SPL=Structured Product Labeling. It is an XML-coded database format used by drug regulatory agencies and pharmaceutical companies around the world. Information about a prescription or nonprescription drug, approved by the regulatory agency, used to be written and printed on a piece of paper and stuffed into the cardboard box that contained the bottle. Now, however, this information is broken down into various sections/elements (drug name, pharmacological class, dosage form, strength, manufacturer, indication, side effects, contraindication, etc.) and coded in XML. Thanks to the XML structure, this information goes into a searchable database.
OK, wake up. I know this is boring stuff. It is boring to me too. I'm not a database analyst or administrator. Today I attended a class -- not my own choosing -- about how legally regulated drug information (ie, product labeling) is increasingly broken down into granular information and stored in these electronic bee hives. The databases allow people to conduct a variaty of analysis, mix and match, shake and bake. These databases can also chit and chat, and mate and mingle with other XML-based databases, such as patient information, medical records, and side effect reports. You can find a needle in a haystack, or see patterns in ocean waves.
Thus, a lecture on bioinformatics, which I had expcted to be a snoozer, turned out to be fascinating. I got a glimpse on how they think -- these people who meticulously break down things that appear to be whole into various degrees of smaller granularity. A drug is not just a drug, but can be defined by its chemical structure, its biological effect on one's body, the disease it treats, the side effects it causes, the type of patients who should take it, the type who should not, the dosage form (liquid or solid, pills or powder), other drugs with similar indications (class), and other criteria. One drug, many descriptors, many identities.
Midway through the lecture I started to sweat a little, as I suddenly grasped the vision of these indexers, these people who dream up all these labels and granules and endless connections between seemingly unrelated concepts. It was as if I was seeing the world, for the first time, through their eyes, which are entirely different from my own. The view became warped. I felt dizzy.
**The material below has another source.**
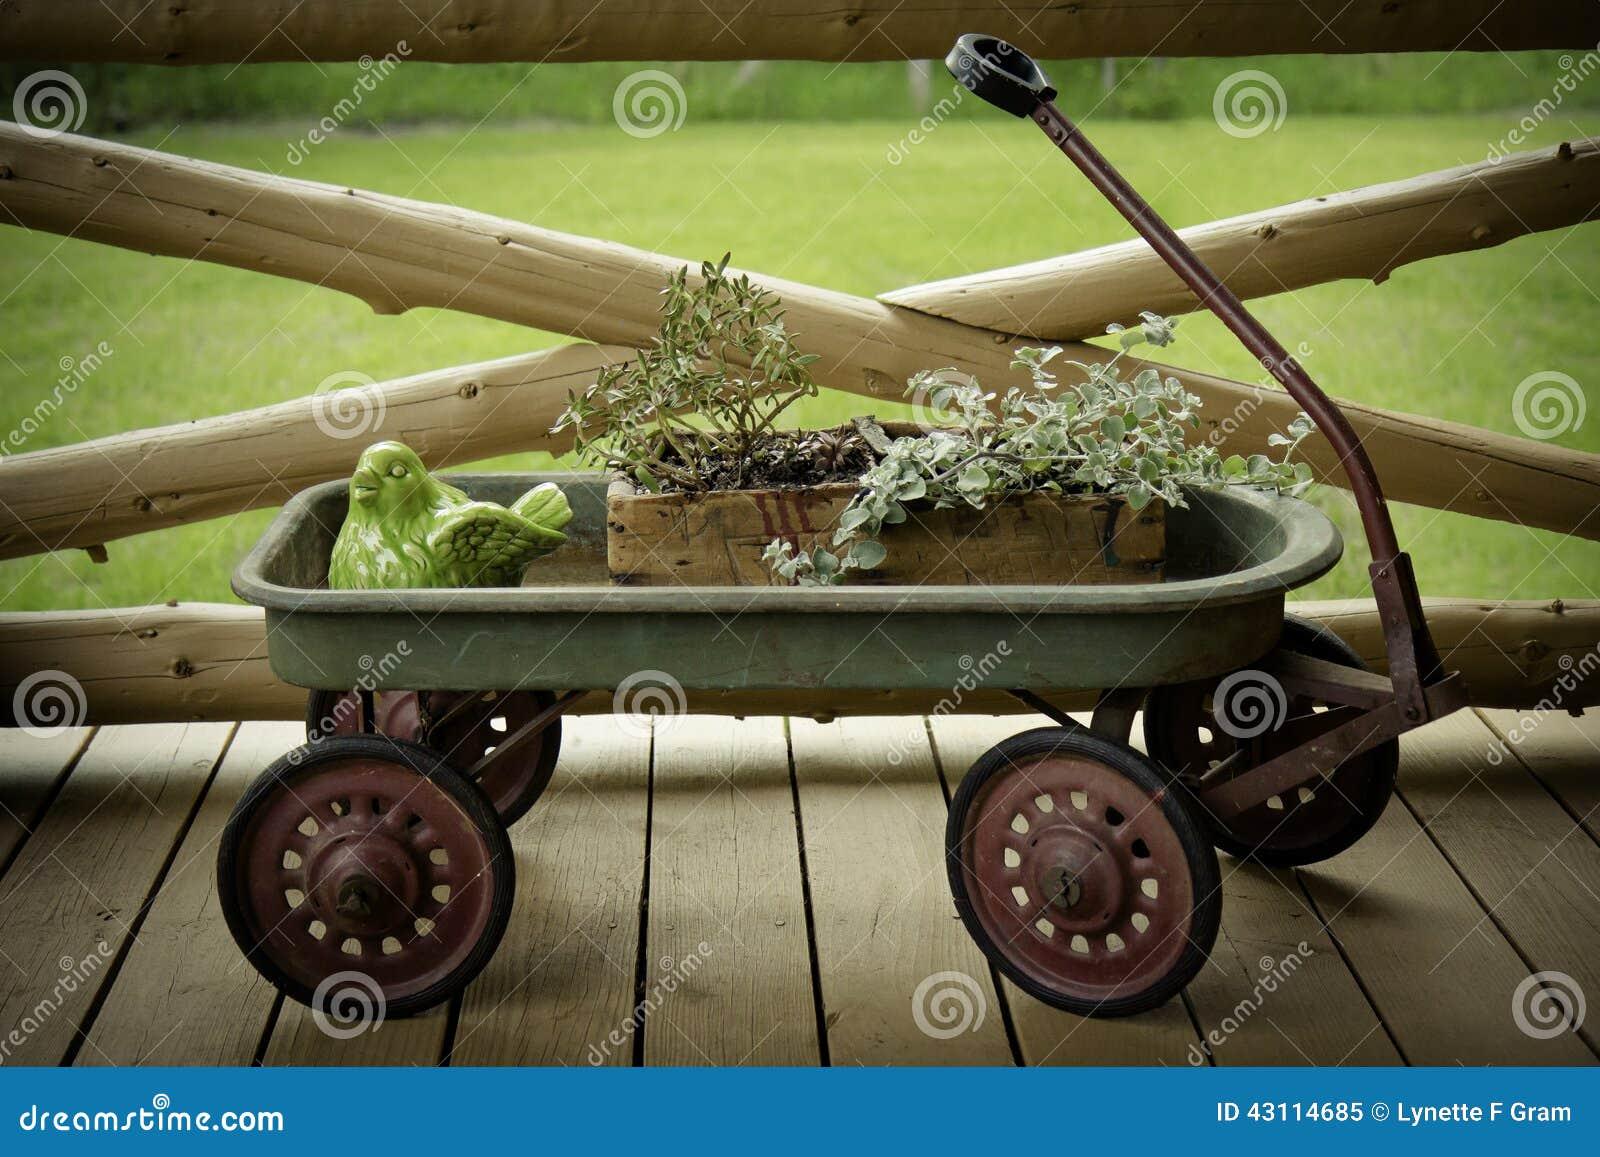 Antique Wagon Flower Display Stock Image - Image of bird, porch ...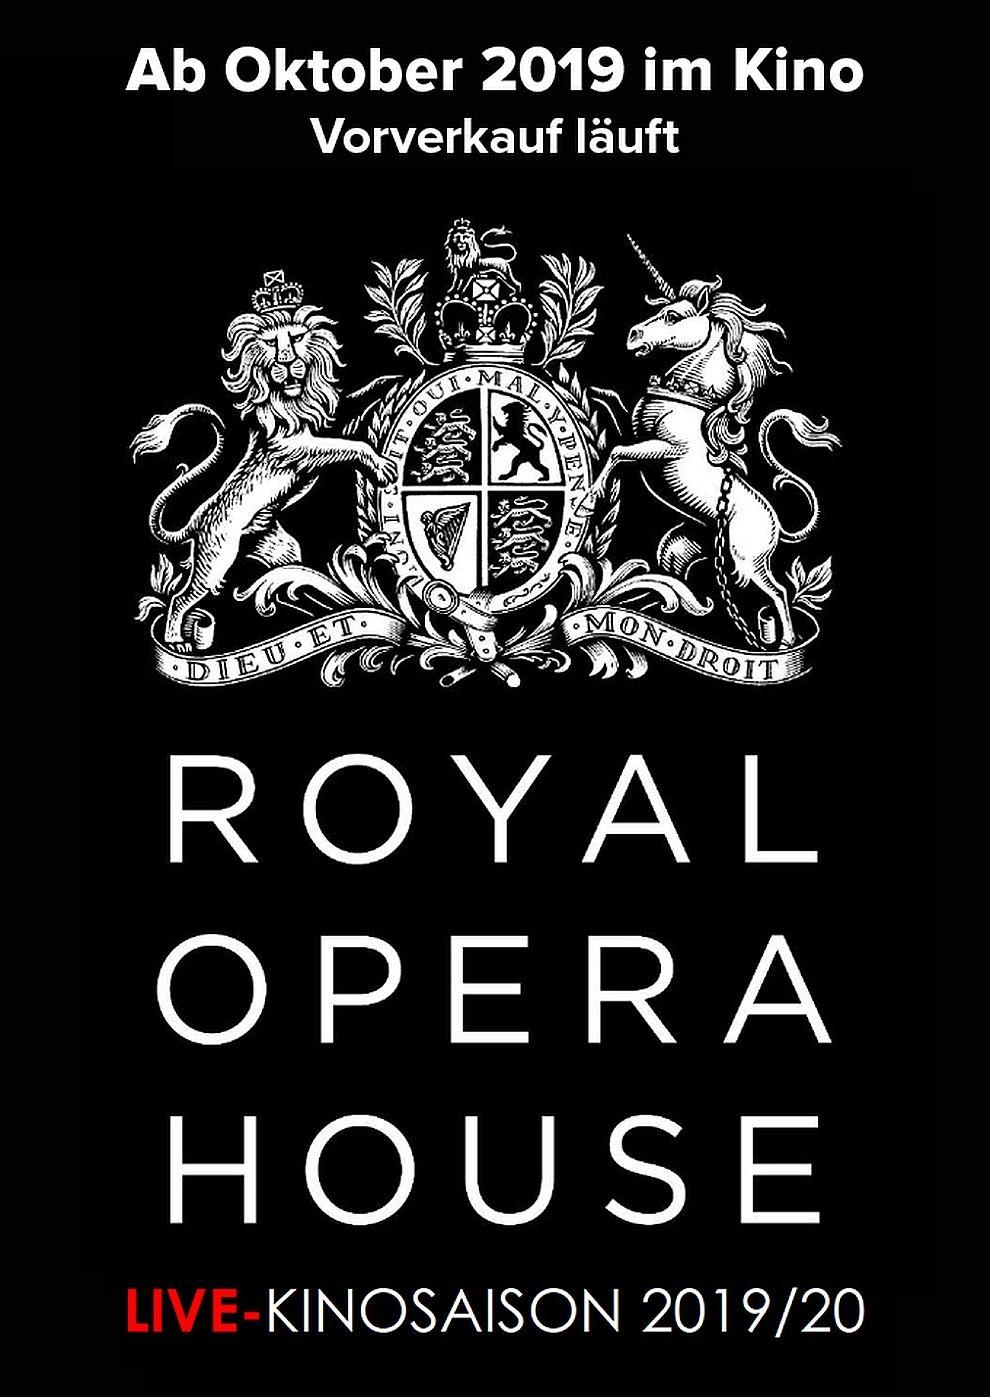 Royal Opera House 2019/20: Schwanensee (Poster)

Because, because, because ... at the moment I realized that anything can be viewed through the lens of granularity and classification, including people. Each person can be identified by a variety of characteristics he or she possesses --- See? He or she, that is already one characteristic: sex. Of course, population census has already been doing this for a long time --- cataloging people by sex, race, ethnicity, age, biometics, health status, marital status, income, language, profession, etc., etc. But these are crude measures. One can keep digging, deeper and deeper. A person can be classified by his parents' characteristics (socioeconomic status, education level, smoking history, medical/mental history, parenting style, religious affiliation ...), by his own biological characteristics, dietary and lifestyle habits, location of residence, the kind of TV he watches, the amount of savings or debts he has, the characteristics of his spouse and friends, the Web site he visits, etc., etc.
Then these data can be organized and analyzed. At some point, when enough breadth and depth are reached, patterns will emerge. At some point, the patterns will become so clear that they are predictive. Behaviors, decisions, preferences, whims and tendencies, and trajectories will all become knowable. Given a child's internal biological and external social categorizations, his life course can be prophesized with rising accuracy: Who he will become, what he will do for a living, whether he will marry and have children, when he will die. Given the history of a nation/people/tribe and the current condition, their behaviors can be predicted: Who they will choose to run their country, what policies they will demand, whether they will go to war, how rich or poor they will become, whether they will go bonkers. To achieve the latter may require even less data and calculation than to pin down the fate of an individual.
Like predicting climate trends and weather patterns, someone will be able to reliable predict how certain humans will react to certain conditions/stimuli. The hold-up, I think, is not only collecting and analyzing a large amount of data over time in various conditions, but also to formulate the classifications/specifications/categories correctly. In predicting behavior, what are the meaningful characteristics? Age, sex, upbringing, intelligence, personality, peer groups, socioeconomic class, location of residence, parents' history, genes? We don't know very much there. Maybe aspects we assume to be critical are negligible. Maybe the key factors are few and unexpected. Yet I don't think this difficulty is insurmountable. The advertising/marketing sector has already achieved a great amount of success.
The same type of analysis is already being conducted in weather forecasting, traffic management, Google, marketing (commercial and political), the stock market, and many other areas of life. In fact, this type of analysis is already being applied to human behaviors. It is only a matter of time before we reach a meaningful size of predictive power, for the masses and for individuals.
There will be no mystery of the heart. There will be no free will.